There was a light on in the farmhouse kitchen, but he went straight to the barn, climbed the ladder to the hayloft, and lay down.
He could put off dreaming, but he couldn’t escape remembering.
He stared at the darkness.
After a while he was aware of the pattering of feet. He turned.
A stream of pale rat-shaped ghosts skipped along the roof beam above his head, fading as they ran so that soon there was nothing but the sound of the scampering.
They were followed by a … shape.
It was about six inches high. It wore a black robe. It held a small scythe in one skeletal paw. A bone-white nose with brittle grey whiskers protruded from the shadowy hood.
Bill Door reached out and picked it up. It didn’t resist, but stood on the palm of his hand and eyed him as one professional to another.
Bill Door said: AND YOU ARE—?
The Death of Rats nodded.
SQUEAK.
I REMEMBER, said Bill Door, WHEN YOU WERE A PART OF ME.
The Death of Rats squeaked again.
Bill Door fumbled in the pockets of his overall. He’d put some of his lunch in there.
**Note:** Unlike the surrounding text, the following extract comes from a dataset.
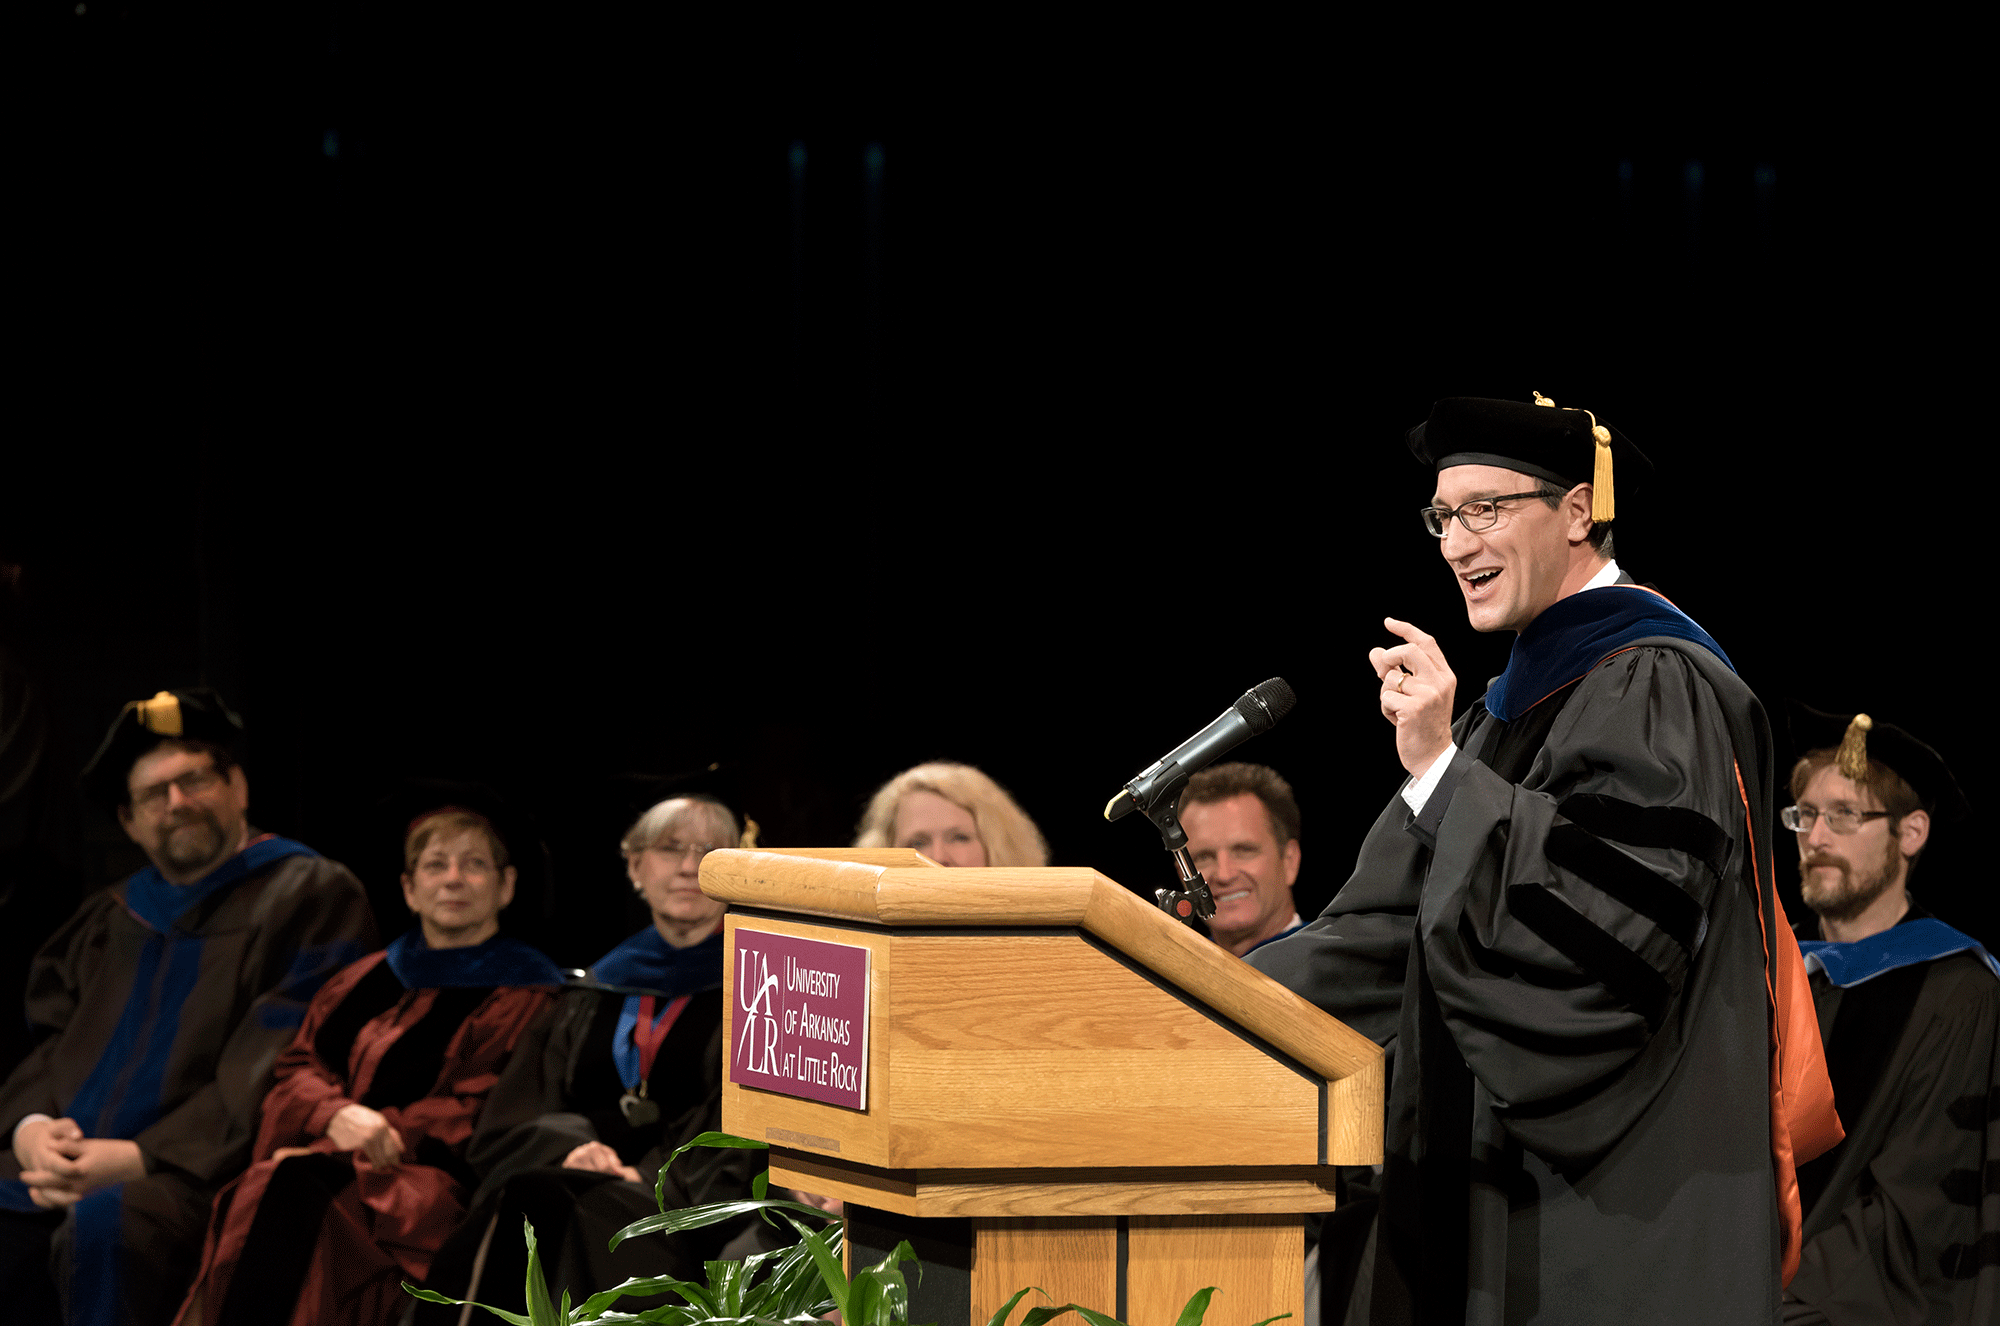 Dr. Julien Mirivel delivers the keynote address at the Aug. 16 Freshman Convocation at the University of Arkansas at Little Rock.

Ah, yes.
I EXPECT, he said, THAT YOU COULD MURDER A PIECE OF CHEESE?{26}
The Death of Rats took it graciously.
Bill Door remembered visiting an old man once — only once — who had spent almost his entire life locked in a cell in a tower for some alleged crime or other, and had tamed littled birds for company during his life sentence. They crapped on his bedding and ate his food, but he tolerated them and smiled at their flight in and out of the high barred windows. Death had wondered, at the time, why anyone would do something like that.